I used to work away in London or abroad every week for 18 months and live near Preston / Manchester. The 6am ish train down on the Monday and more especially the 4:30pm train back on the Friday were not fun - crowded, noisy and generally a wholly depressing experience knowing that I was leaving my family behind for another week. It was slightly better when I negotiated working from home each Friday but Sunday afternoon and evening were basically written off with worry, ironing and generally getting ready. For you part, you will be having to cope on your own and I think what will happen is that you'll build a whole new life without your OH. It's not a recipe for a happy balanced life for either of you and i think that over time you will resent him being away.

I'm sure it works for some people but it's one large gamble to take. Perhaps have a few trial runs before you decide to up sticks and move?

FYI, I used sparerooms.co.uk to find accommodation as the choice was good and the prices lower. I also earned quite a bit more then your OH which at least helped to pay for some nice holidays in between. That said, I wouldn't do it again.

pinkunicorns54 · 09/09/2022 14:08

In theory, this could work for us. DH sees our child for 10mins in the morning and depending on how tired they are anywhere from not at all to 30mins in the evening due to his working pattern / commute.

However, he would HATE this. He misses his child so much, that the 40mins per day, he craves!
It's also the little things, not being able to pop to the shop after little one has gone to bed because you are on your own, cooking dinner for 1. I wouldn't like it either.

I would have hated it in the first year when I was at home solo parenting!

Also, I need him to collect sometimes if I need to work late. Not sure how it would impact on your working pattern thinking a year down the line!

PragmaticWench · 09/09/2022 14:09

Why would he want to sink money into rent, rather than into your own property? It's madness and financially daft on 50k.

Battybonkers · 09/09/2022 14:09

If he can’t easily find work near your parents then Realistically that means that you can’t live there. The rent/ mortgage solution is bonkers and wouldn’t be sustainable in the long term as rents are bound to rise quicker than his salary. Do your parents work? If having them close is so important would they be prepared to move a bit closer to London to reduce the distance? That way you could buy within commuting distance and have them close by. As others have said having grandparents near is nice but not essential, having the father living with you would be my priority….

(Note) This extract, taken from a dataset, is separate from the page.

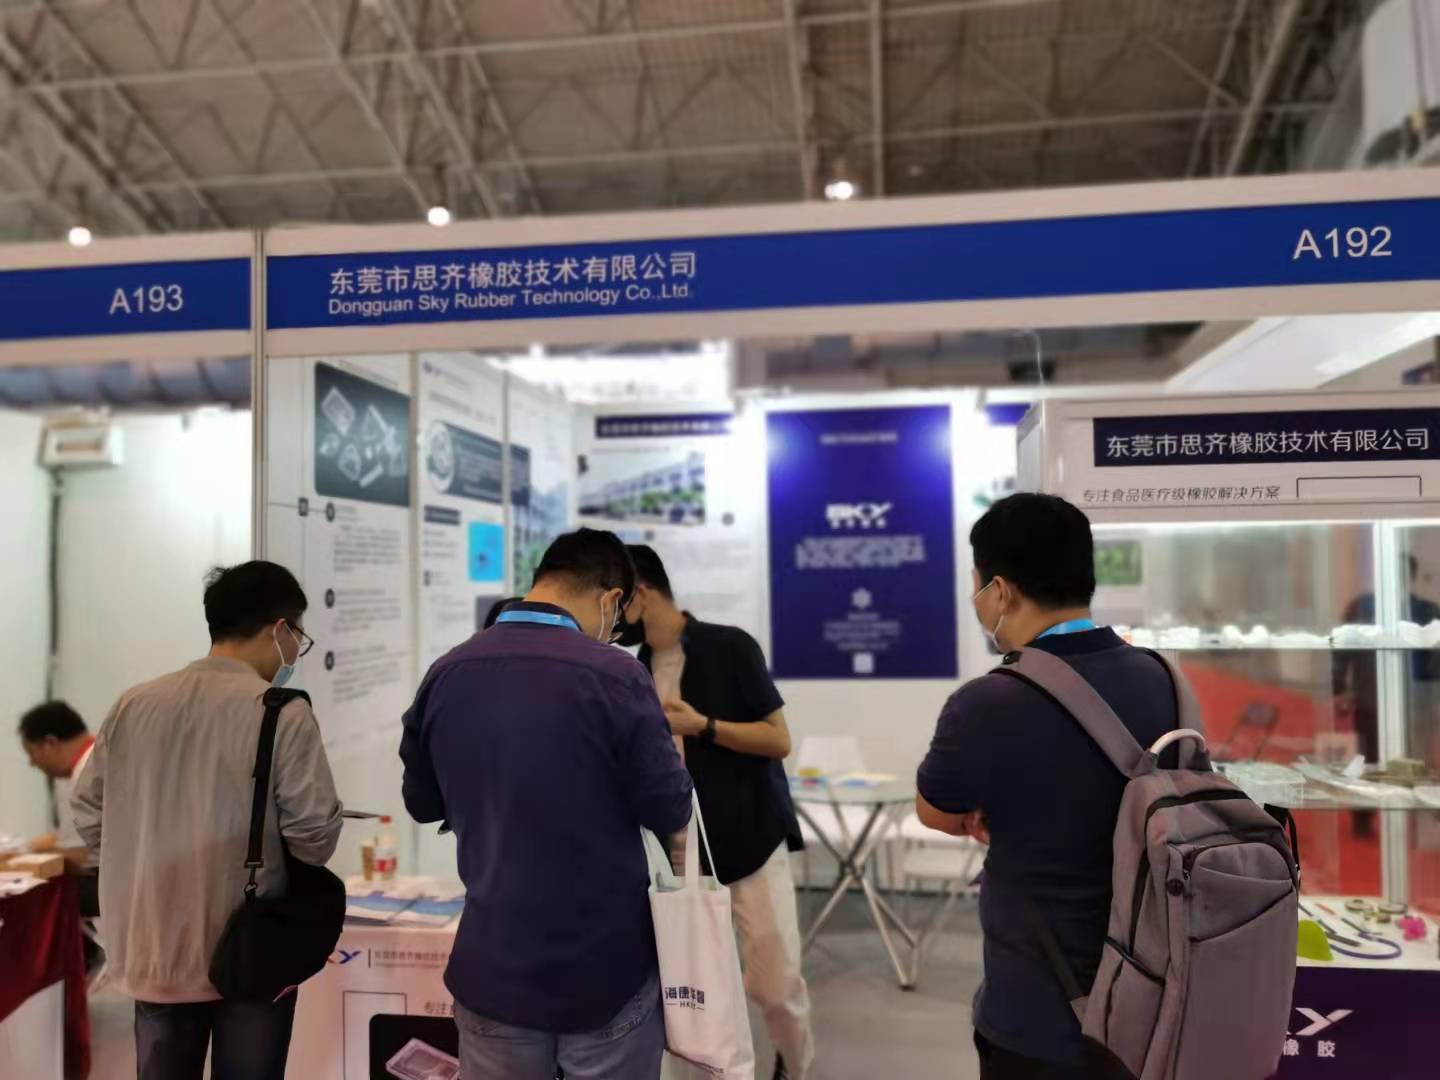 东莞市思齐橡胶技术有限公司参加北京国际医疗器械展览会

New2Mumming · 09/09/2022 14:10

Building a whole separate life is very good point, I see that too. Feels awful to think that

OP posts:
New2Mumming · 09/09/2022 14:15

Building a whole separate life is very good point, I see that too. Feels awful to think that

OP posts:
Winceybincey · 09/09/2022 14:15

Me and OH planned the same with good intentions when I was pregnant. His work was 3.5 hours away (started the job when I was pregnant), he was to work away mon - Fri and I was to stay home near family with the baby.

it lasted a year until we decided to move near his work before we would end up divorcing. I resented him massively. Resented that he had a good nights sleep 4 nights a week, that he had 4 evenings to himself where he could shower, eat something decent, socialise with his friends etc, whilst I was up to my eyeballs with a baby that didn’t nap, screamed if he was put down, sleep deprivation, piles of laundry, mess, couldn’t cook anything decent to eat, rarely showered - let alone see friends.

it’s easy to Say ‘yeah we’ll do this’ until it actually happens and reality hits you. You don’t know what your baby will be like, how long it will take you to recover from the birth, how well you’ll cope, whether you’ll be hit with PND. Family only do so much.

just don’t put all of your eggs into one basket and have a plan for if it doesn’t turn out as well as you hoped.